One out of every seven diagnoses are incorrect. Diagnostic errors kill approximately 60,000 people each year. Meanwhile, deep learning technology promises to eliminate a large portion of these errors. In the case of bloodstream infection detection, even the most skilled intensive care unit doctors miss about half of sepsis cases. This problem is the basis of the technical research paper. An ongoing research effort on automated diagnosis of sepsis is led by University of Virginia (UVA) Professor of Computer Science Rich Nguyen. This team tested a battery of time-series prediction deep learning models on bedside medical data in order to predict when a bloodstream infection might be taking hold. Beyond bloodstream infection detection, medical data has been used to train deep learning models to read X-rays with higher accuracy and speed than human radiologists. The STS research paper investigates diagnostic error, computer aided diagnosis (CAD), and the U.S. Food and Drug Administration (FDA) process will lead into an Ethics of Care based STS discussion of how a CAD-specific FDA approval pathway could improve the quality of care for all patients.

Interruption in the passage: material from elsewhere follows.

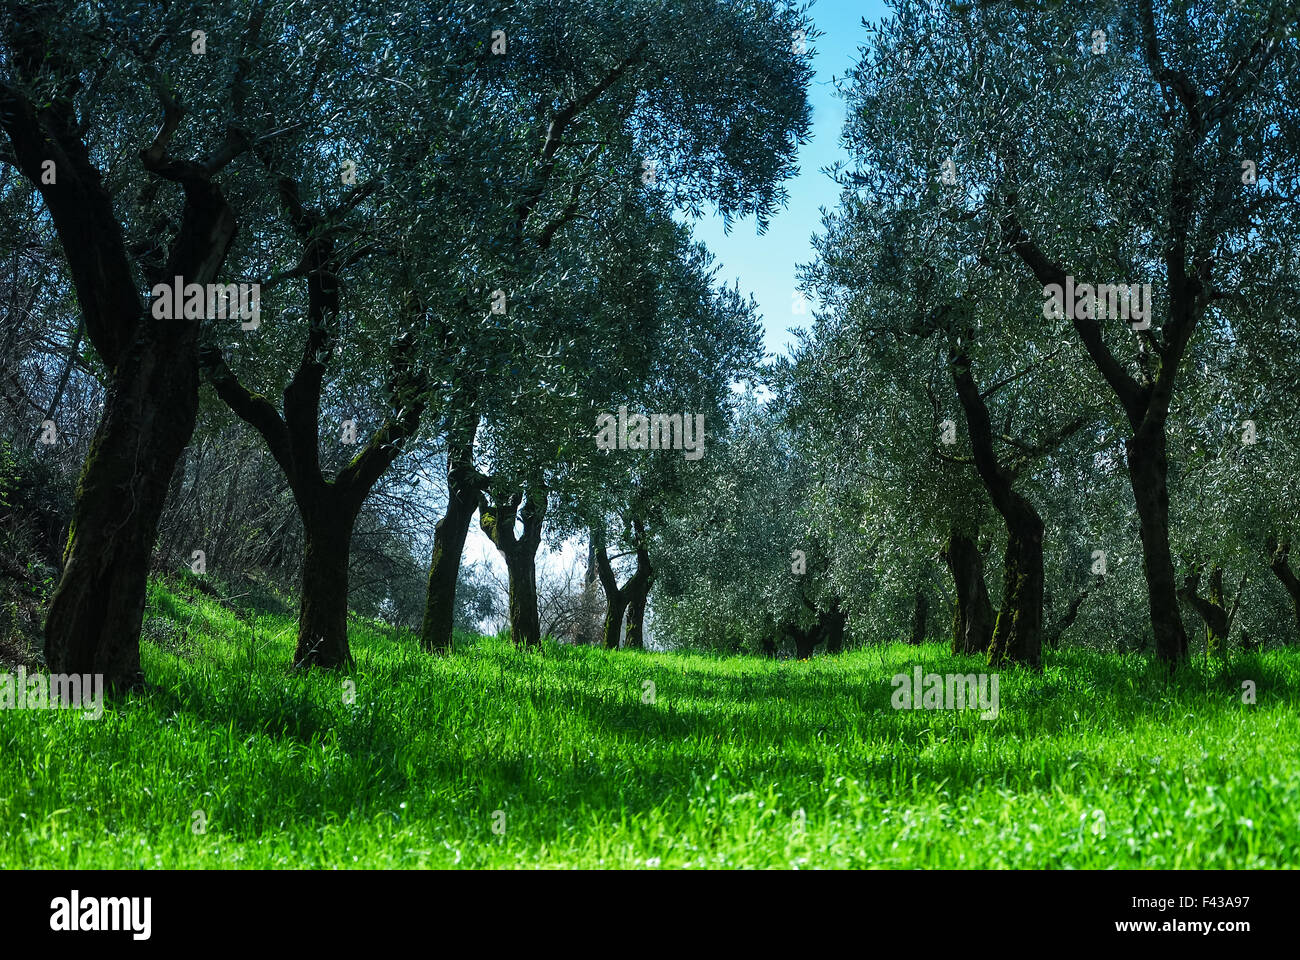 Olive grove in spring Stock Photo

The bloodstream infection detection team is led by UVA Professor of Computer Science Rich Nguyen, accompanied by UVA Professor of Medicine Dr. Randal Moorman, UVA Doctor of Infectious Diseases Dr. Chris Moore, Director of UVA’s Intensive Care Unit (and 2022 graduation speaker) Dr. Taison Bell, University of Pittsburgh Professor of Critical Care Medicine Dr. Gilles Clermont, assisted by UVA Graduate Students Jackson Brandberg and Joy Qiu, as well as my fellow Undergraduate Researchers Louisa Edwards and Zach Boner. The goal of this team was to assist doctors in predicting when an ICU patient might develop a bloodstream infection, just based on bedside vital signs. Currently, doctors look for abnormal, low or high, body temperature plus low blood oxygen and increased heart rate before suspicion is raised and a sepsis test is administered. However, these warning signs are extremely common in other conditions, especially in the ICU environment. The aim of using deep learning for this problem is to extract more subtle patterns that may arise when considering bedside vital signs learning up to a positive sepsis test.
In order to create a deep learning model to predict sepsis, first a dataset must be compiled. The training data used in this case included UVA ICU data, University of Pittsburgh ICU data, and the publicly available MIMIC dataset. All of these datasets provided the bedside vitals of patients at regular intervals, as well as an indication of when a blood culture was taken, and the results of that test. A survey of deep learning literature led the team to a shortlist of potential deep learning models that operate on multivariate time-series data—data with multiple variables that change over time. After preliminary tests with these models, our model showed some predictive power on the dataset. These results show promise that a well designed algorithm could predict sepsis more accurately, and without input from the doctor.
The U.S. Food and Drug Administration (FDA) has consistently failed to accommodate the specific needs of software medical devices that use deep learning. The STS part of this portfolio investigates the practical causes as well as the social and moral implications of the FDA’s poor support for software medical devices. Scientific studies and clinical trials of CAD devices have shown that they consistently outperform doctors and radiologists on a wide range of tasks. While the FDA has indicated that it intends to approve more deep learning powered medical devices, no tangible changes have been made to the 510(k) or De Novo pathways to acceptance, which often take a year or more to complete. In a fast moving and constantly changing field such as deep learning, these restrictions severely limit the performance of devices, even if the FDA approves them.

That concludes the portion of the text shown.